> **WORK REQUIRED**: Copy the opening lines of the listing exactly, through and including the line with "The renewed lamp"; do not copy any pictures.

> **GIVEN DATA**:
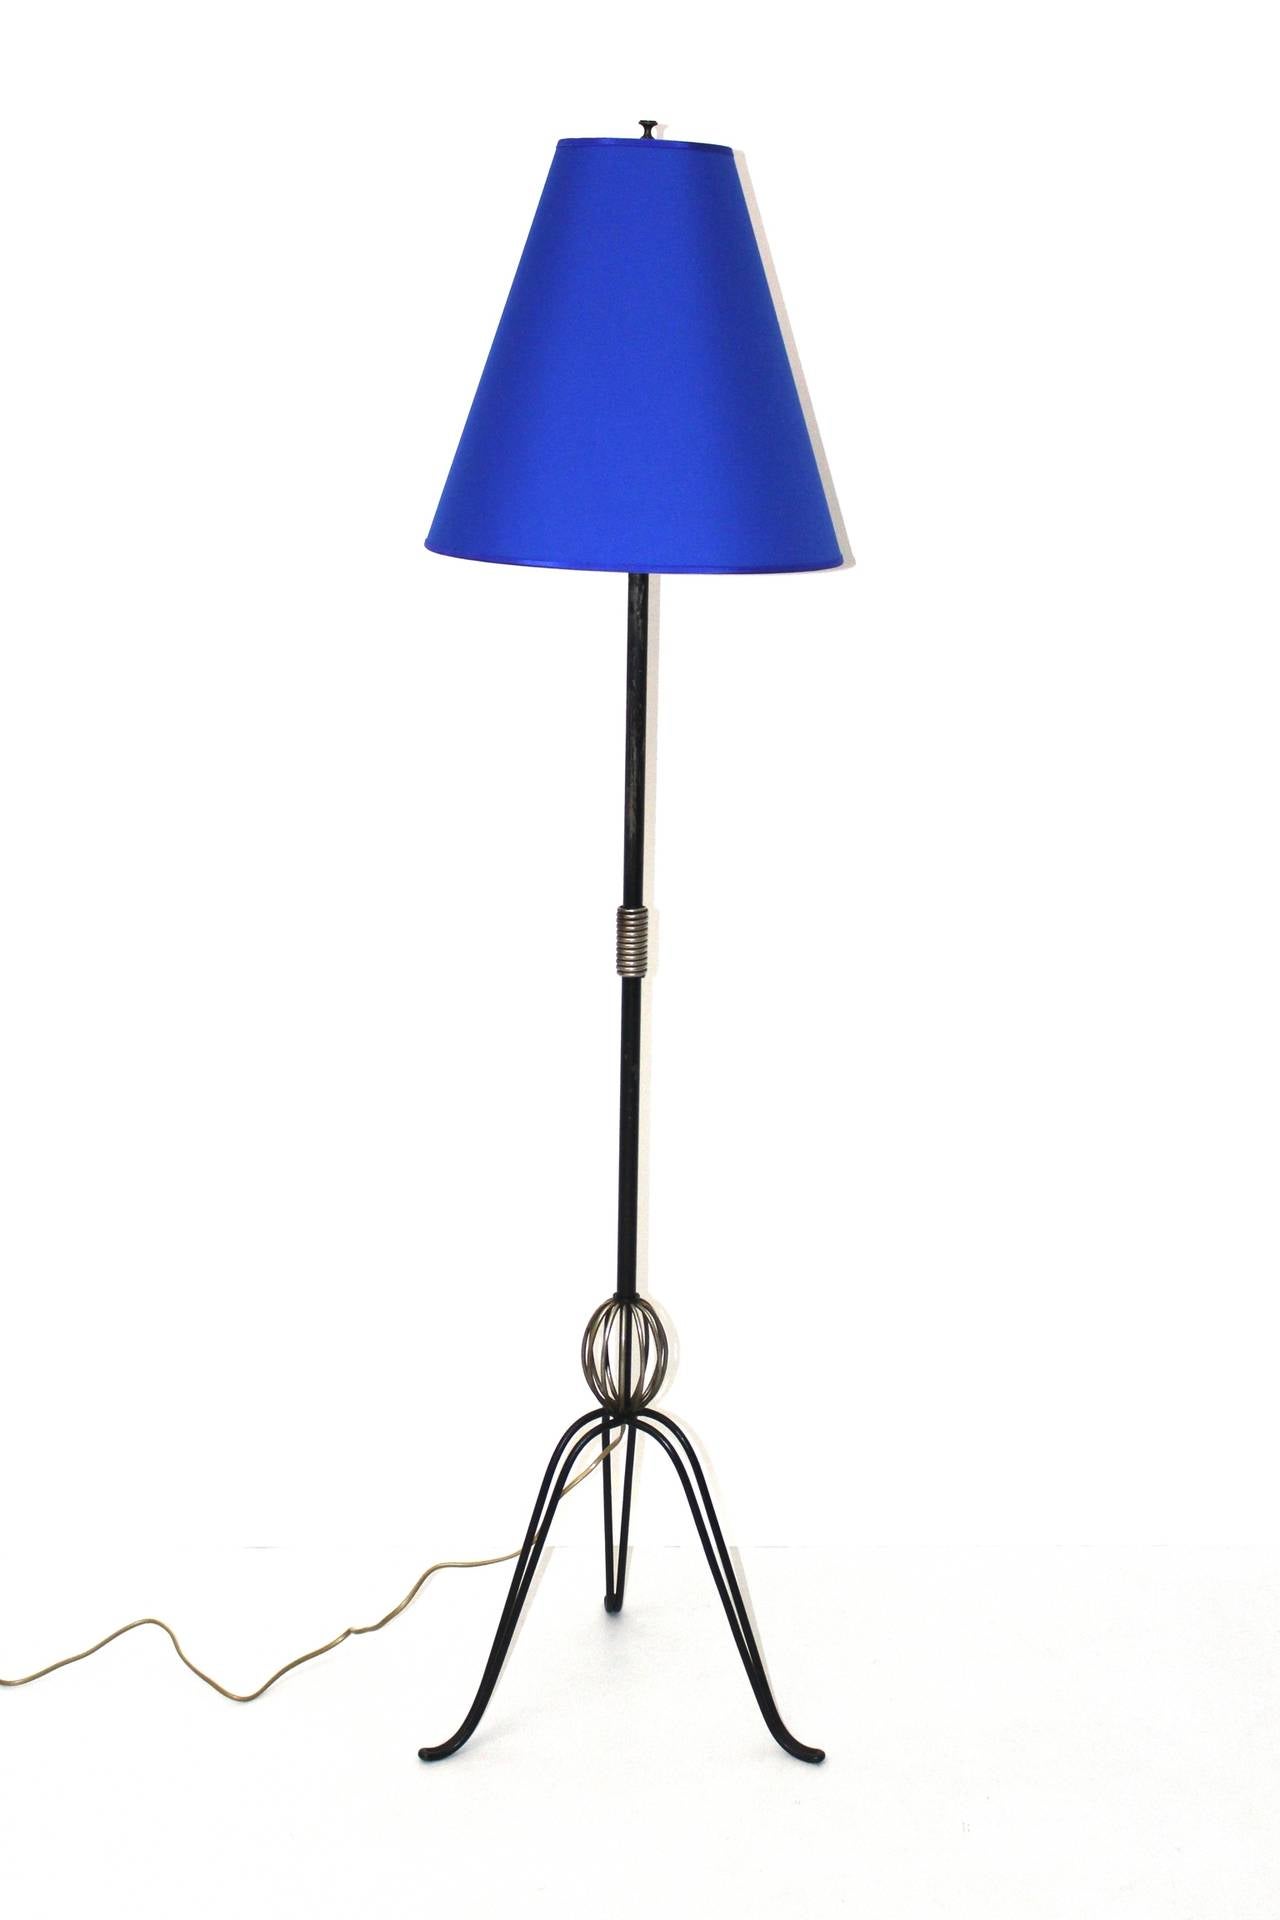 Mid century modern floor lamp, which was made out of black lacquered metal and designed and manufactured France 1950s.
A tripod curved lamp base gives the floor lamp a certain elegance.
The renewed lamp shade in blue textile fabric provides a dose
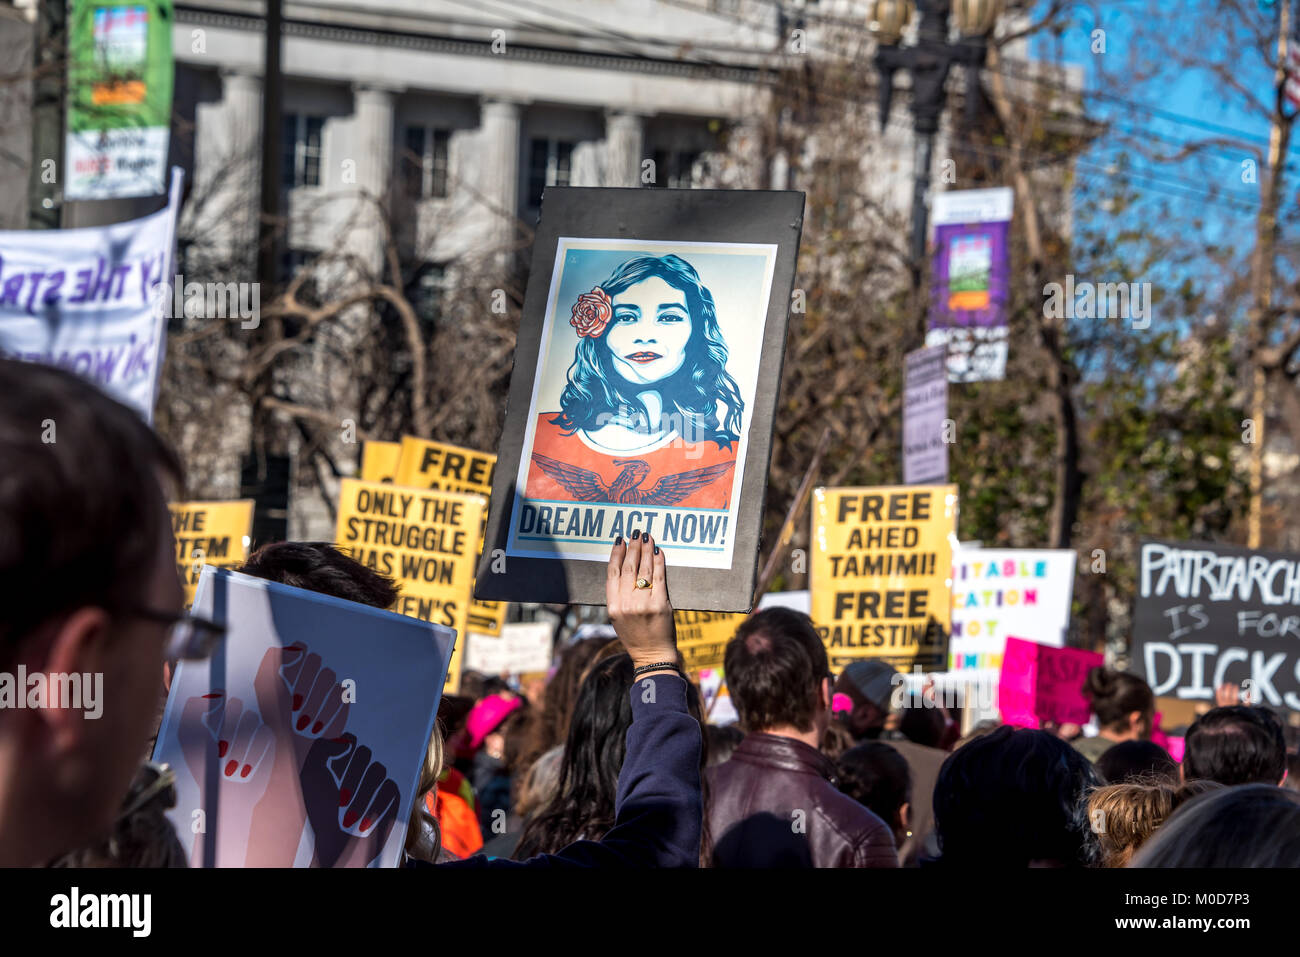 San Francisco, California, USA. 20th January, 2018. The 2018 Women's March in San Francisco, organized by Women's March Bay Area. As protesters march down Market Street, a woman in the crowd holds up a sign for 'Dream Act Now,' calling for action about the 'Dreamers' and DACA. Stock Photo

> **RESPONSE TO THE TASK**:
 Mid century modern floor lamp, which was made out of black lacquered metal and designed and manufactured France 1950s.
A tripod curved lamp base gives the floor lamp a certain elegance.
The renewed lamp shade in blue textile fabric provides a dose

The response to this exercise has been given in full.